Как рождается во мне примирение? Страх нарушить или сломать жизнь близких. Но это умственный страх, страх воображения. Повседневно сильнее всего действует другое: небо синее, облака плывут, солнце греет, воздух свежий, рука Никиты в моей руке, и мы идем куда хотим, и нам хорошо. Сама жизнь примиряет. Как же они преодолевали это? Или они вовсе не преодолевали и сама эта жизнь вела их против своих осквернителей?
24.8.78.
Сегодня на исполкоме горсовета слушали о борьбе с пьянством (т. е. о выполнении последнего по времени постановления правительства). Говорили три часа, говорили, что Кострома по потреблению спиртных напитков и по преступлениям, совершенным в пьяном виде, занимает сейчас первое место в республике. В 1972 году выпивалось на 21 млн. руб.; в 1977 году — на 26 млн. руб. Смертность от пьянства соответственно: 378 и 460 человек.
2.9.78.
Сегодня Вячеслав Васильевич Смирнов рассказывал мне (сидели у него в кабинете в Доме книги) о Сергее Плотникове. Когда-то, после войны, когда Плотников ходил в форме офицера МГБ (так, должно быть, тогда называлось это ведомство), они дружили. Дружили настолько, что вот многие годы спустя вдова Плотникова решила навестить Смирновых <...> С этим Плотниковым (он умер в прошлом году, в Москве, куда уехал вслед за женой уже давненько и зарабатывал тем, что вел литературную консультацию при каких-то газетах, где удавалось) я познакомился в 57-м году; к нему-то, в отдел писем, я и попал после приезда в Кострому. Он же, оказывается, за год-два до моего появления был уволен из госбезопасности с выговором по партийной линии. Обо всем этом я узнал только сегодня; к тому же Смирнов не объяснил, за что был Плотников изгнан. Забыл, не знал или не захотел сказать. Но рассказал, что жена Плотникова — особа важная, избалованная давней хорошей жизнью, которая прекратилась, когда ее первого мужа, ответственного работника, расстреляли, а ее выгнали из Москвы, а потом (или последовательность событий другая) арестовали. И вот тогда-то Плотников познакомился с ней и попал под ее чары — или как это называется.

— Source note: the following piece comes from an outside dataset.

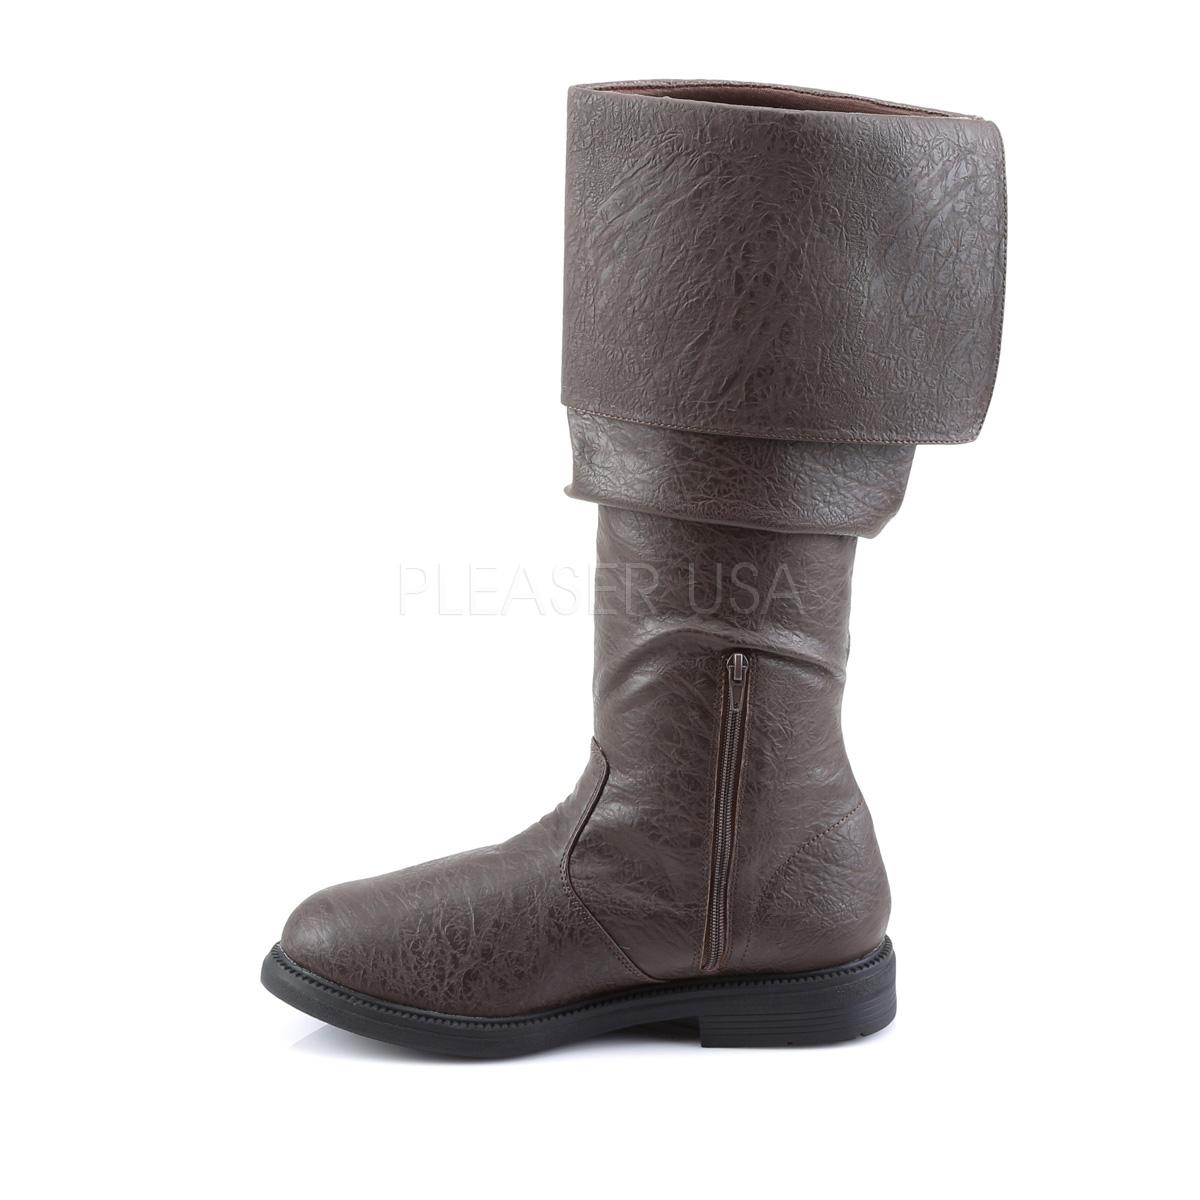 FUNTASMA ROBINHOOD-100 #Men's メンズブーツ  折り返しブーツ ブラウン 茶 Pleaser◆取り寄せ
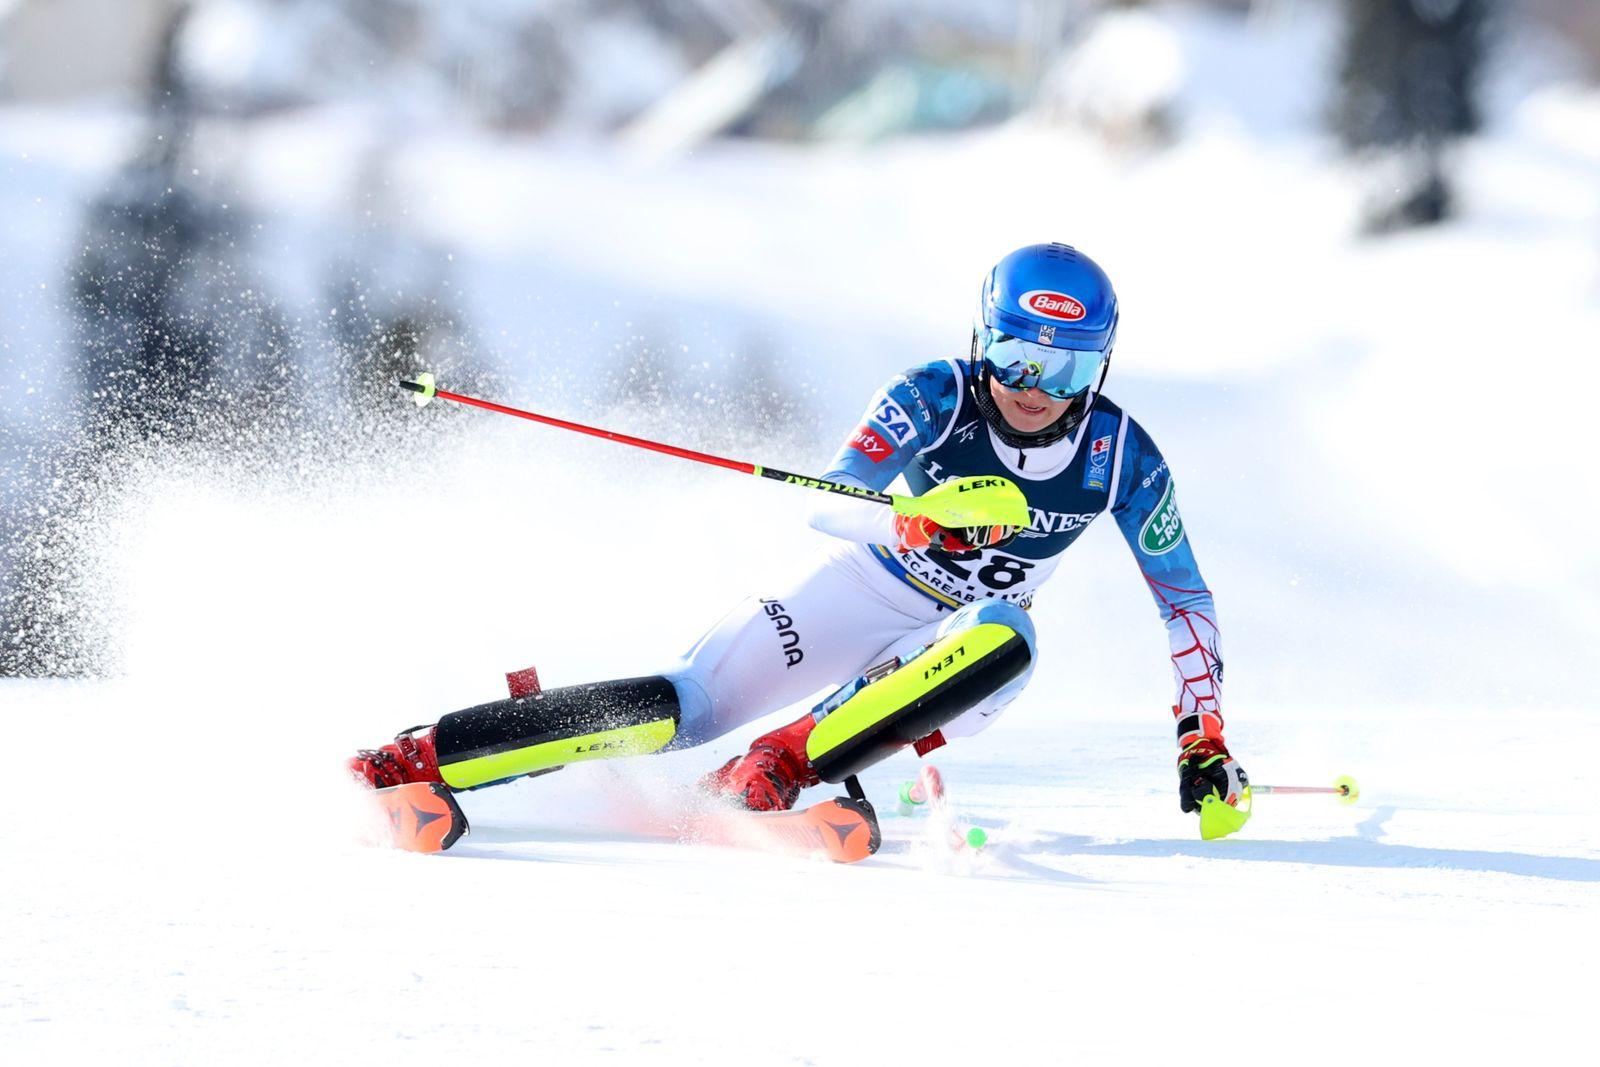 FIS World Ski Championships - Women's Alpine Combined

Господи, мог ли я тогда, осенью пятьдесят седьмого, подумать, что этот мягкий, какой-то невнятный, неразборчивый человек с чертами графомана — недавний офицер столь страшного учреждения! Он уехал в Москву, когда жена его получила денежную компенсацию за первого мужа и добилась возвращения пусть не квартиры, но комнаты в коммунальной квартире. Помню, как Плотников заезжал в Кострому, заходил в редакцию, и всегда меня путало странное соединение в нем мягкости и просительности с какой-то непонятной мне твердой уверенностью в своей ценности, что всегда казалось мне безосновательным. Смирнов рассказал, как однажды в цирке на французской борьбе Плотников вызвался побороться с самым могучим из выступавших борцов, пообещав друзьям подшутить над этим Аркашкой Воробьевым (так звали борца). И вот, к удивлению публики, невзрачный Плотников то ли дважды, то ли трижды уложил этого силача, и администрации пришлось вмешаться, чтобы защитить престиж (спасти!) своего борца. Плотников знал приемы — вот о чем хотел сказать этой историей Вяч. Вас.